На основании этих критериев — и особенно двух последних — Саваркар включил джайнов, сикхов и индийских буддистов в свою категорию «индус», но исключил из нее индийских мусульман и индийских христиан. По мнению Саваркара, мусульмане и христиане «перестали владеть индуистской цивилизацией (санскрити) в целом. Они принадлежат или чувствуют, что принадлежат к культурной единице, совершенно отличной от индуистской».
По сути, он обвинил индийцев-недхармистов в разделенной любви и преданности, в том, что они считают земли за пределами Индии священными, почитают лидеров и исповедуют верования, которые возникли не в Индии, и почитают свои святые земли выше Индии. По его мнению, они не принадлежат Индии в той же мере, что и индусы.
Нетрудно понять, почему четкое слияние религиозной и национальной идентичности, ставящее индуистов в привилегированное положение, вызывает тревогу и страх у тех, кто исключен из этого процесса. Хиндутва ассоциируется с враждебностью, недоверием и растущим насилием по отношению к сообществам, которые не удовлетворяют его критериям.
Уравнение Саваркаром индуизма и Индии, которое упускало из виду универсальные претензии индуизма, сводило его к религии определенной этнической и национальной группы. Религиозный национализм, который обожествляет нацию, ее защиту и служение, только умаляет как веру, так и нацию. Неудивительно, что некоторые приверженцы этой идеологии видят в критике премьер-министра Индии Нарендры Моди негативизацию индуизма.
Версия индуизма Саваркара не является неактуальной. Она жива в различных современных организациях, таких как Раштрия Сваямсевак Сангх и его филиалы, многие из которых имеют партнерские объединения в США, некоторые из которых участвовали в Парламенте мировых религий. Знаменательно, что 26 февраля 2003 г., на фоне споров, в Центральном зале индийского парламента был открыт портрет Саваркара, расположенный напротив портрета Махатмы Ганди.
По другую сторону индуистского раскола находятся те группы, которые также присутствовали в Чикаго на прошлой неделе и которые не смешивают религиозную и национальную идентичность, для которых слово «индус» означает универсально доступную религиозную идентичность, выходящую за рамки национальности, этнической принадлежности и южноазиатской культуры.
Для этих групп быть индуистом — не то же самое, что быть индийцем. Питаемые духовными традициями, берущими начало в Индии, эти группы почитают священную географию Индии, но почитание Индии не является требованием индуистской идентичности и критерием исключения.

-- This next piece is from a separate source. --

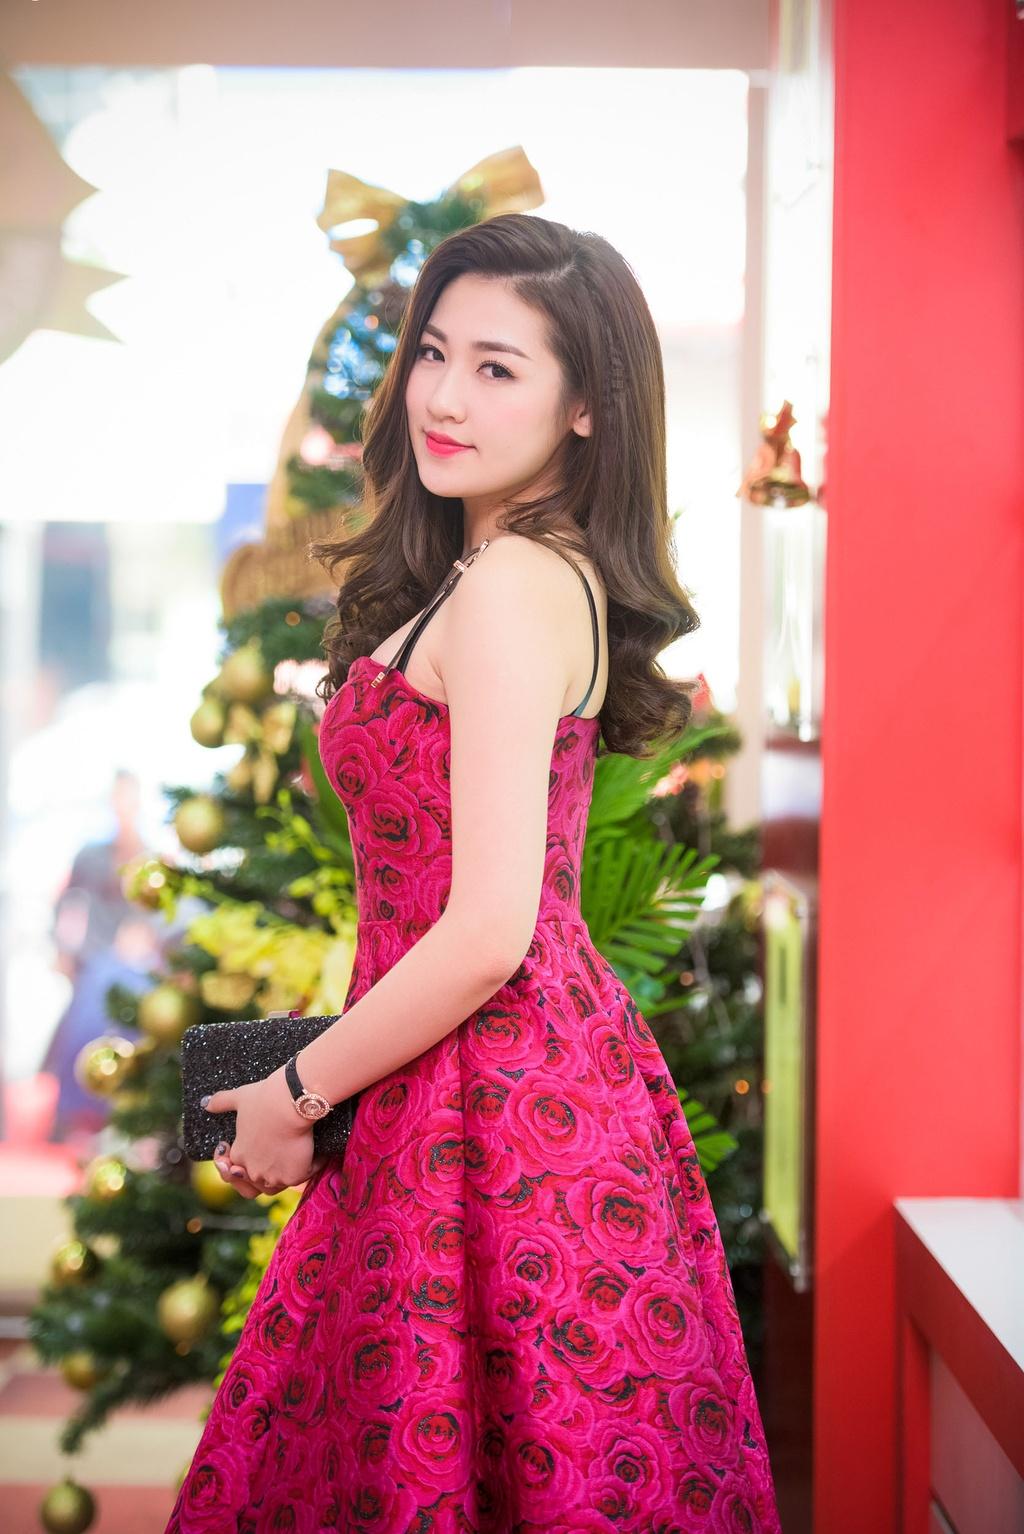 Ngoc Han - Tu Anh than thiet nhu chi em hinh anh 5

Любовь к Индии не является антимусульманской или антихристианской.
Эти группы поднимают древнюю и мощную традицию гостеприимства к религиозному разнообразию в индуистской традиции. Эта традиция позволила индийским индусам принять широкое разнообразие религиозных верований и практик в стране и на протяжении веков предоставлять убежище преследуемым религиозным группам. Они считают, что индуистская традиция предлагает теологическое понимание религиозного разнообразия, которое дополняет разнообразие в гражданской сфере и противостоит использованию государственной власти в интересах определенной религии. Они выступают за разнообразие, справедливость, достоинство и равную ценность всех человеческих существ.
Индуизм никогда не был однородной традицией, но сегодня то, что, скорее всего, отличает одного индуиста от другого, — это его понимание отношений между индуизмом и государством. Организации, называющие себя индуистскими в США, обязаны четко излагать свои взгляды на эту тему, и неспособность сделать это оставляет место для непонимания.
Исторически сложилось так, что интересы государства и глубинные цели религиозных учений редко совпадают. В долгосрочной перспективе отказ от критического разграничения универсальных и гуманистических учений индуистской традиции и конкретного, исторического выражения индийского государства окажет серьезную услугу религии. Это ограничит потенциал традиции быть благословением для всего мира.